1. Go the NCBI’s Molecular Modeling Database (MMDB) at
http://www.ncbi.nlm.nih.gov/Structure/MMDB/mmdb.shtml and search using our structure’s
PDB DB: 2V7A
2. The search should bring you to the page
http://www.ncbi.nlm.nih.gov/Structure/mmdb/mmdbsrv.cgi?uid=59785. Multiple software
tools can be used to view protein structures. We’re going to use Cn3D (abbreviation for “see in
3-D”), which is already installed on the BaRC laptops. Under “View or Save 3D Structure”, click
on the “View Structure” button. Open the file using “Cn3D”.
• You should see two windows: i) protein 3D structure and ii) Sequence/Alignment
Viewer
• Enlarge the two windows to make more use of your display/screen.
3. Get a feel for the structure by rotating (using your mouse) and also zoom in/out (View  Zoom
In or Zoom out; you can use the shortcut as well)
• Can you identify the drug that is bound to this protein?
• You’ll also see a grey sphere, can you identify what this represents? [Hint: This is listed
in the bottom of the NCBI MMDB page you visited to download the structure.]
4. The default rendering is “worms” and in purple color. Try changing the rendering (Style 
Rendering Shortcuts), and color (Style  Coloring Shortcuts).
5. The second window has the amino acid sequence (in single-letter abbreviations) that makes-up
this protein. Highlight certain residues and see where they are in the protein 3D structure.
Examine how the amino acid sequence, which can be considered one-dimensional, is quite
different from the actual 3D protein structure.
6. The mutation of interest, T315I, is at the position described as “PDB 315”. In the typical Bcr-Abl,
this position is the amino acid threonine (T), but in this mutated variant, the amino acid is
isoleucine (I). Identity this position on the sequence and check if it’s indeed an isoleucine (I).

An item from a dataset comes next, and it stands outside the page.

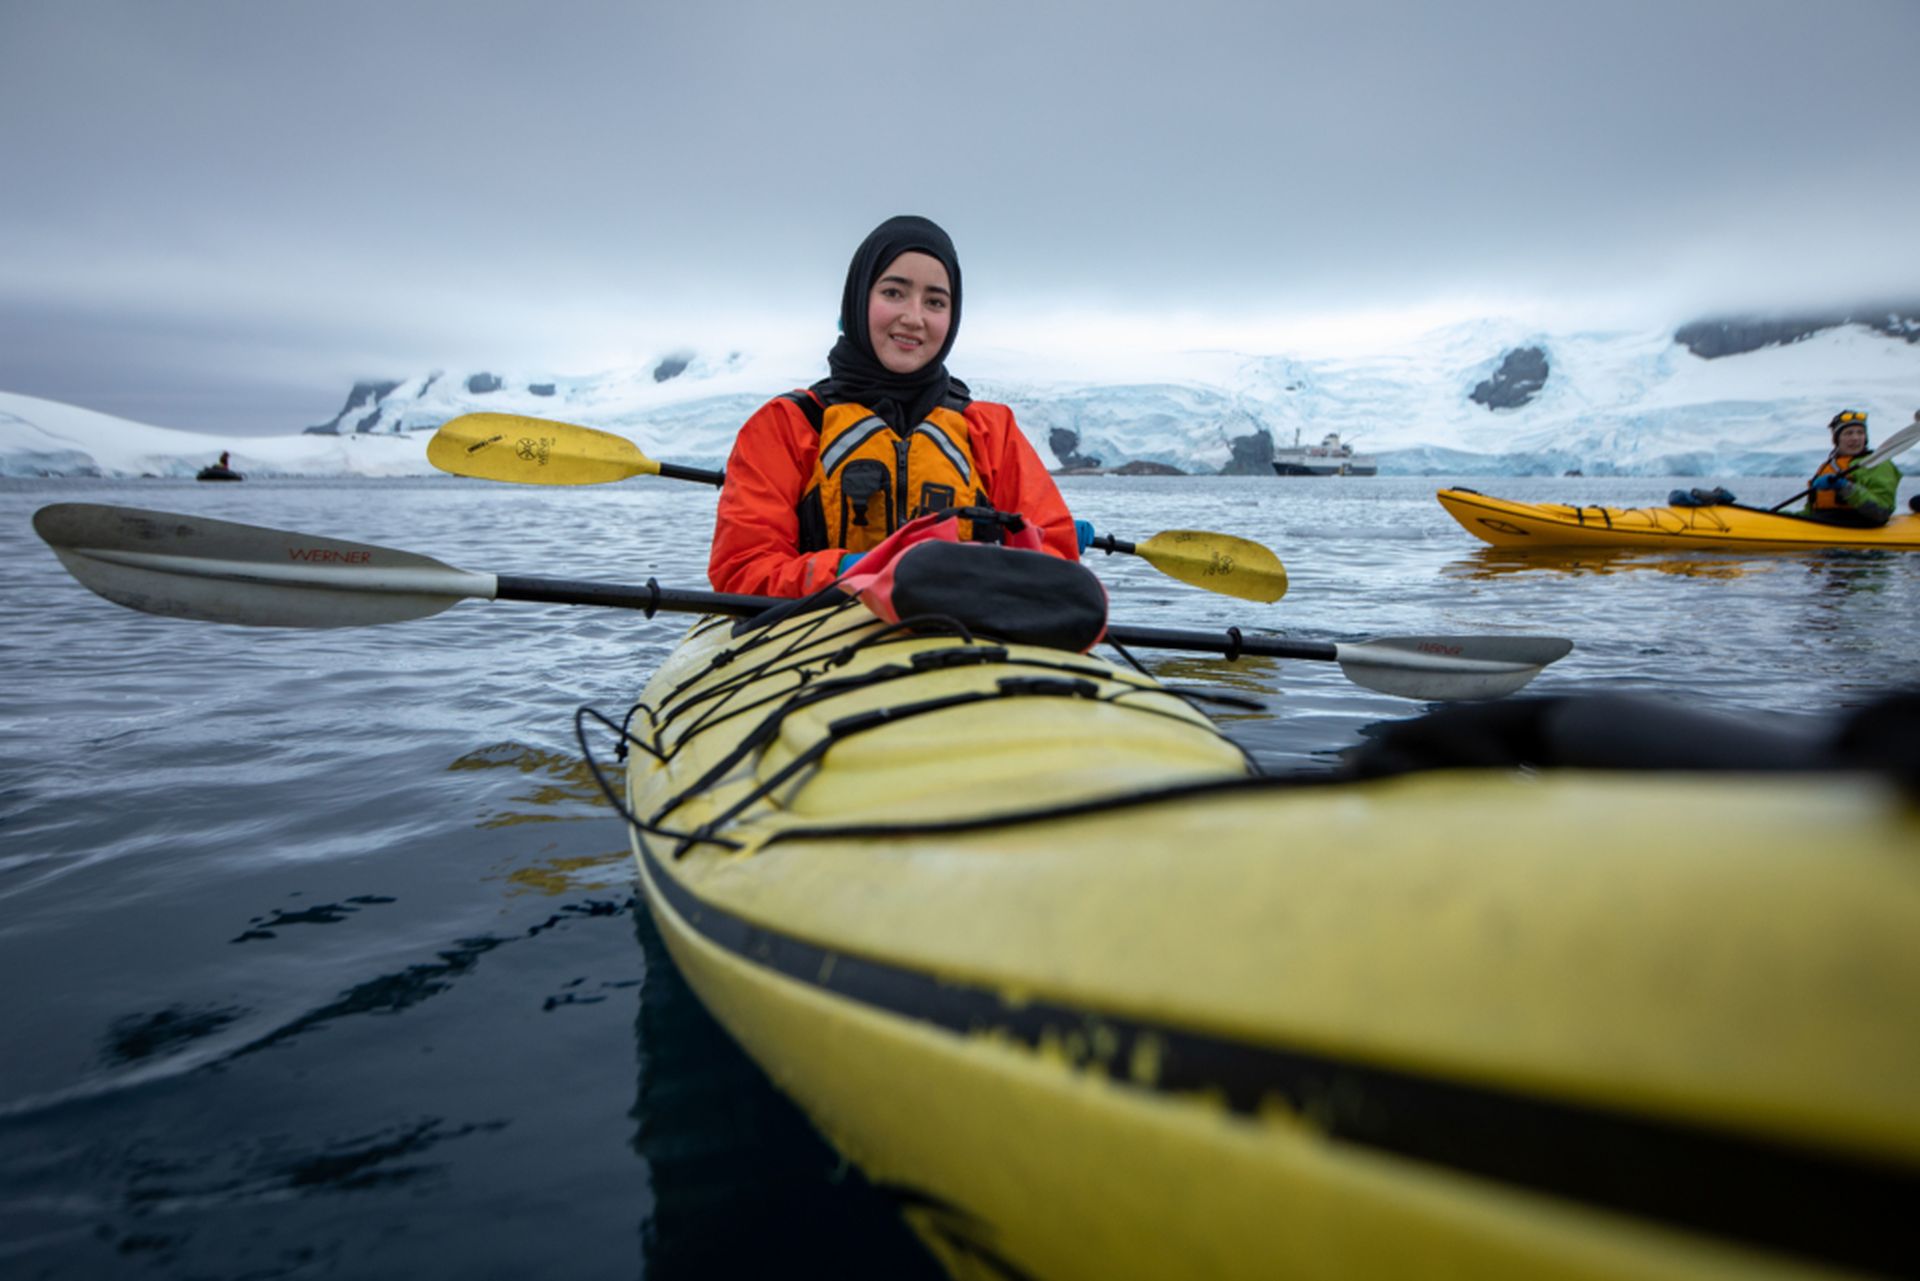 Sadra Kayaking in Antarctica

We’ll highlight this residue. First we want to see the side chains of the amino acids, not just the
backbone (Style  Rendering Shortcuts  Toggle Sidechains). Select residue 315 (should be
highlighted in yellow), can you see the residue on the 3D structure? You may have to rotate the
protein.
7. We’ll now highlight this residue differently than default, go to annotate (Style  Annotate 
New) and give a name (“ mutation”) and description (“T315I mutation”). Click on “Edit Style”, in
“Protein backbone”, choose “Space Fill” and change Color Scheme to “User Selection”. Choose
a color of your choice under “User Color”, and select Apply. Do the same for “Protein
sidechains” and choose a different color but for “Rendering” use “Ball and Stick”. Select Done
for Style Options once complete, and click on OK in Edit Annotation.
[Note: Your selection will be still in yellow since the residue “I” was selected, simply click
anywhere on the protein sequence to un-highlight and get the selected coloring.] Zoom into
the residue and see how close it is to the drug.
8. Precision medicine application: Patients with chronic myelogenous leukemia (CML) are often
treated with a drug that binds inside a “pocket” of the Bcr-Abl fusion protein (right next to
amino acid 315) and reduces the effect of this oncoprotein. But if amino acid 315 is mutated
from threonine to isoleucine, theh side chain of the amino acid sticks out more into the drugbinding pocket. The drug no longer binds very well so the patient often develops resistance to
the drug, and the doctor needs to try another drug.